第一次望见这么真实的全息剧场,夏阳从刚开始的新奇感到现在已经有了和入境之人的心态,十分身临其境,一丝一缕都牵动着她此刻的心。
夏阳很不喜欢悲剧,包括所谓剧中称的“虐心”的情节。
好在,看在这里时,她都是被糖心填满心间的,除了最后白雾那个少年的片段。
她望向身旁的苏屿陌,有种淡淡地又不知哪来的忧伤使她此时望着苏屿陌的眼中就如装上了这种滤镜。
她很是心疼他。
是糖、是渣,若是长久看下去,也怕是腻得慌、痛得很。
不过她还有一个疑惑,“苏屿陌,不是入境人的往事吗?怎么还能看到白雾的?”
苏屿陌未答话,只是抬头望了一眼对面嬉戏打闹而来的孩童,把身旁人往自己怀里拉了过来。
因为后来某人反应而来,所以换成了拉他的衣袖。
而此时本该被抓着的袖口却无了人,苏屿陌握住她的手,道:“还是握着手好。”见她递来的目光,他添上一句:“安全。”

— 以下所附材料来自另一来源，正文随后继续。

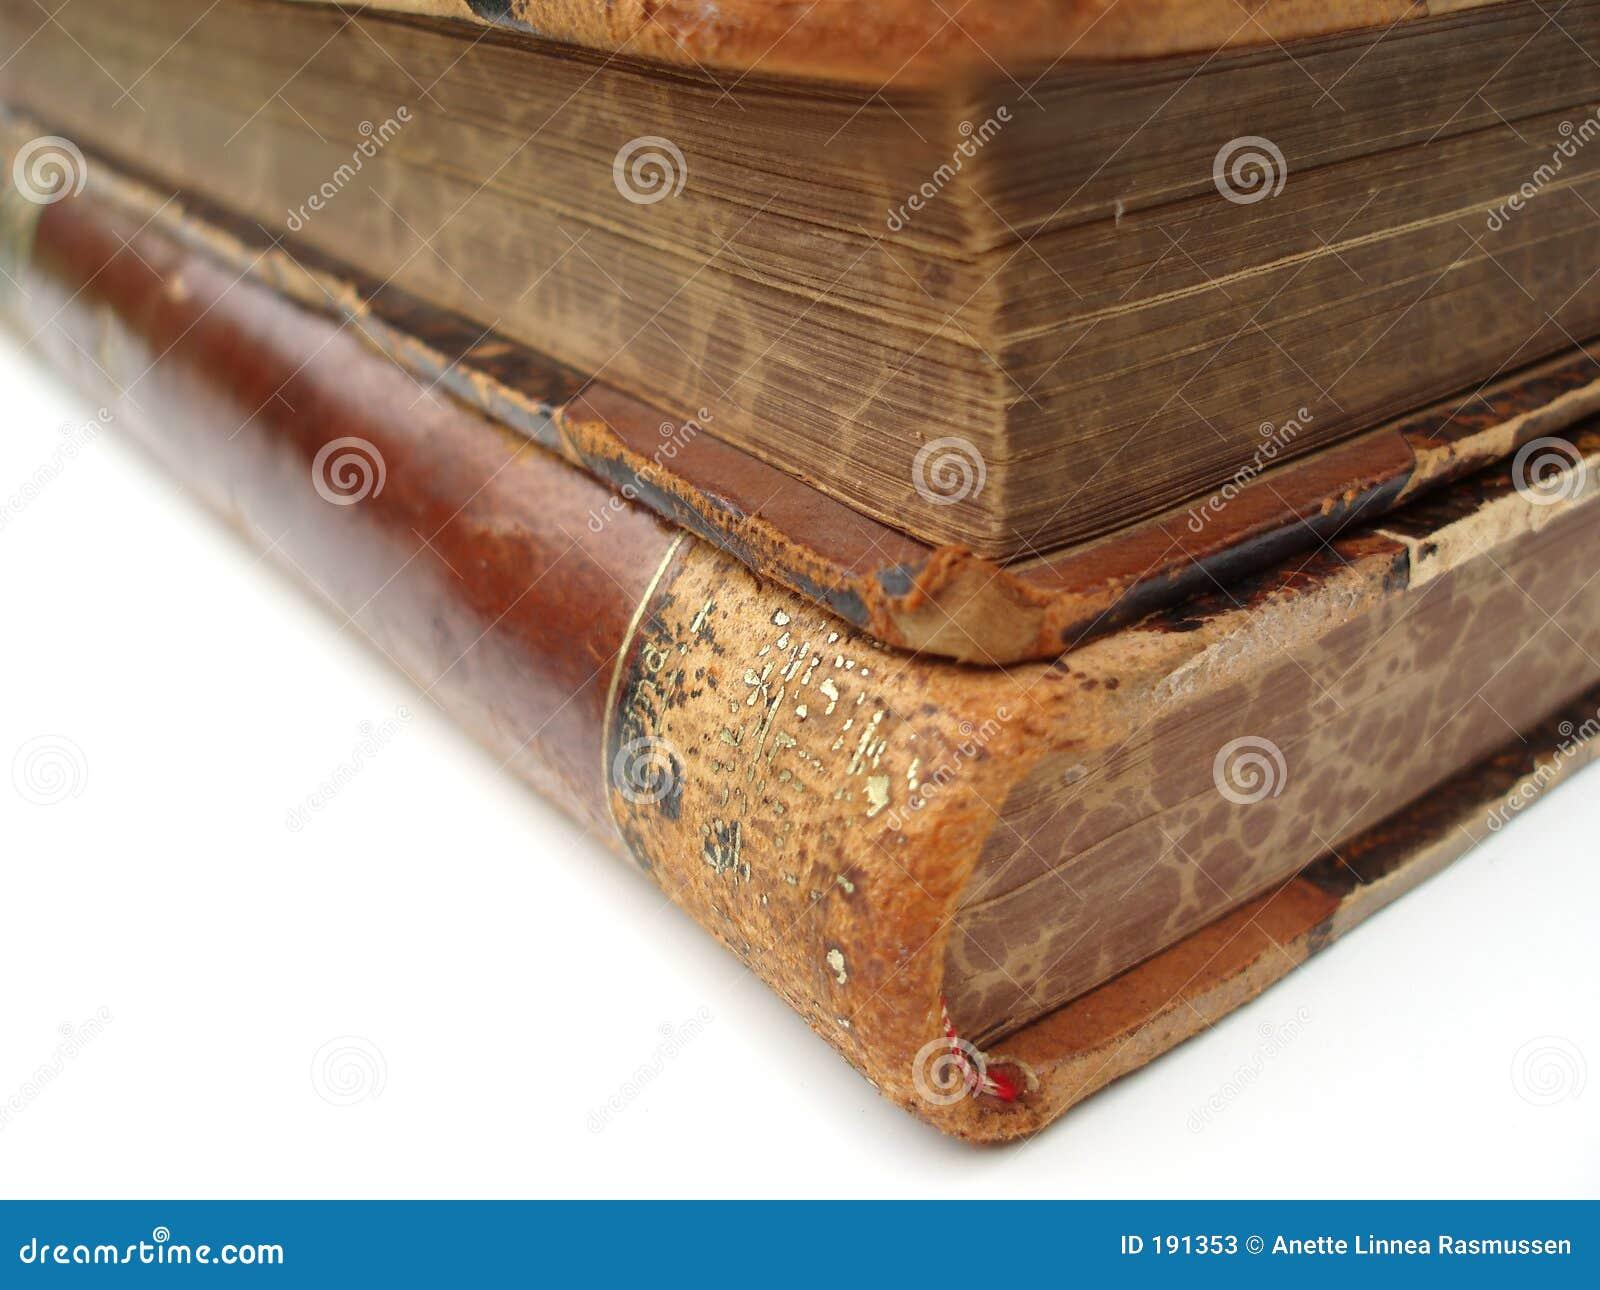 Esquina de dos libros viejos
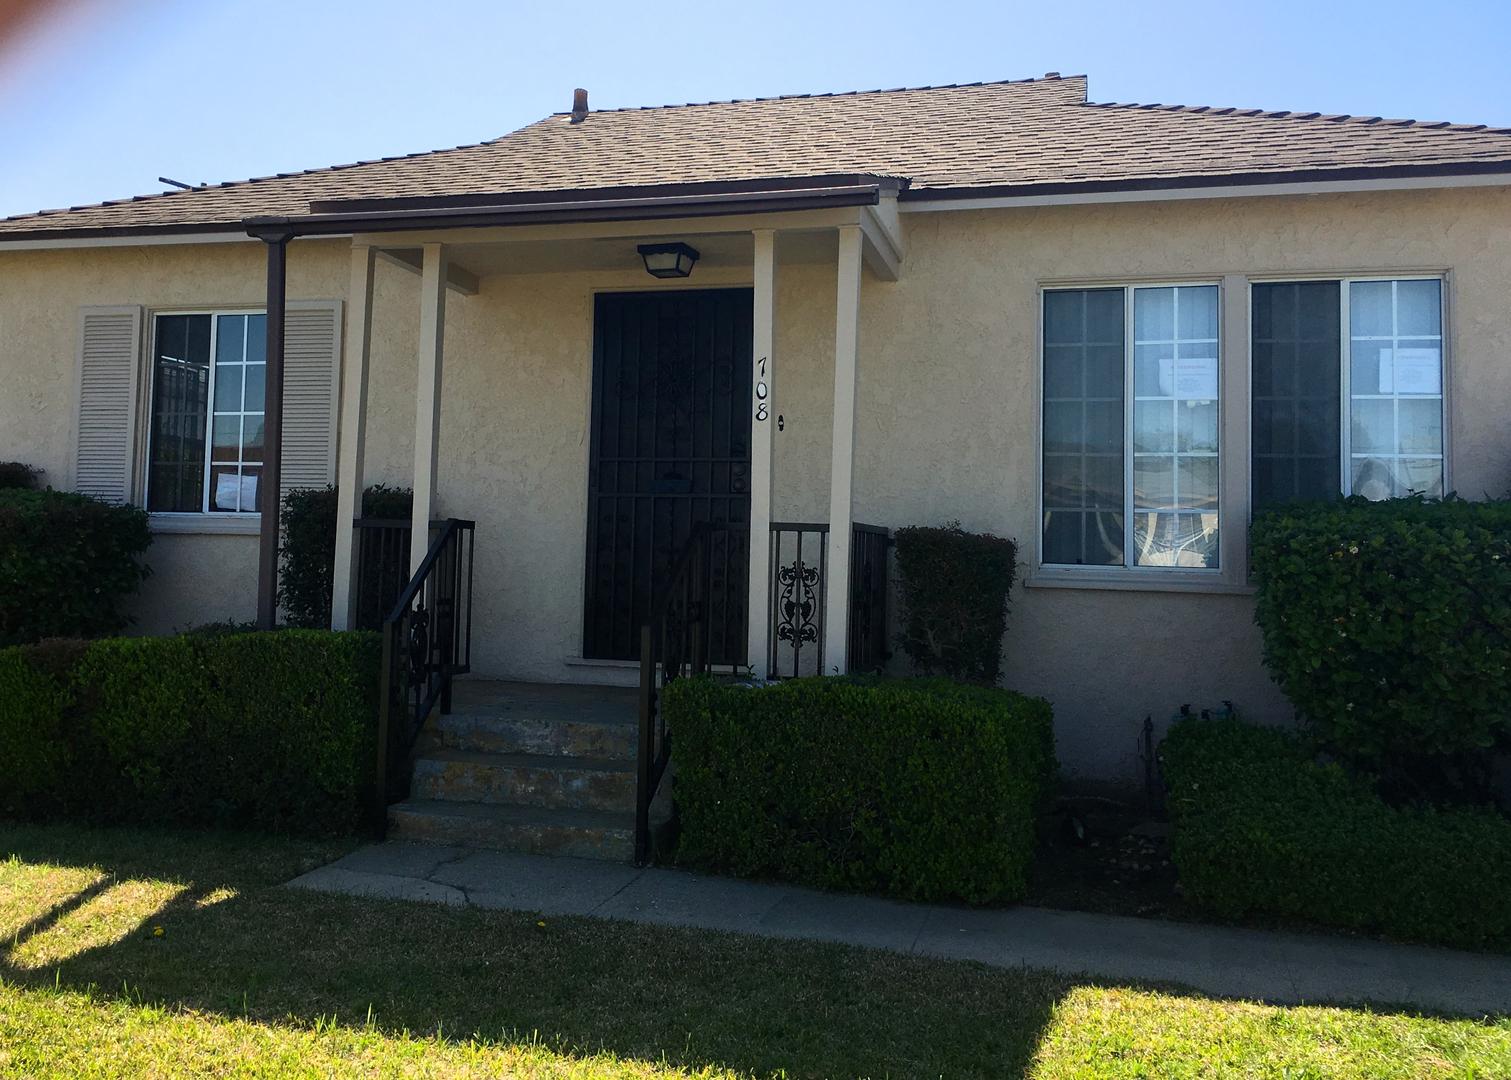 513 W Fairview Blvd, Inglewood

夏阳顿时讪讪地应着,继而刚才的发问:“我知道这是入的以归的境,白雾和她在一起时,我们能看见是没问题的。可是现在,为什么我们还能看到和以归无关的画面呢?”
苏屿陌未直答,反而问夏阳:“临境是什么?”
夏阳摸摸脑袋,“了解别人的往事?”
他望着她,未说什么。
夏阳探着他的目光,接着说:“知因了果?”
“嗯。”苏屿陌开了口,“可往往因果不是一人造成的。”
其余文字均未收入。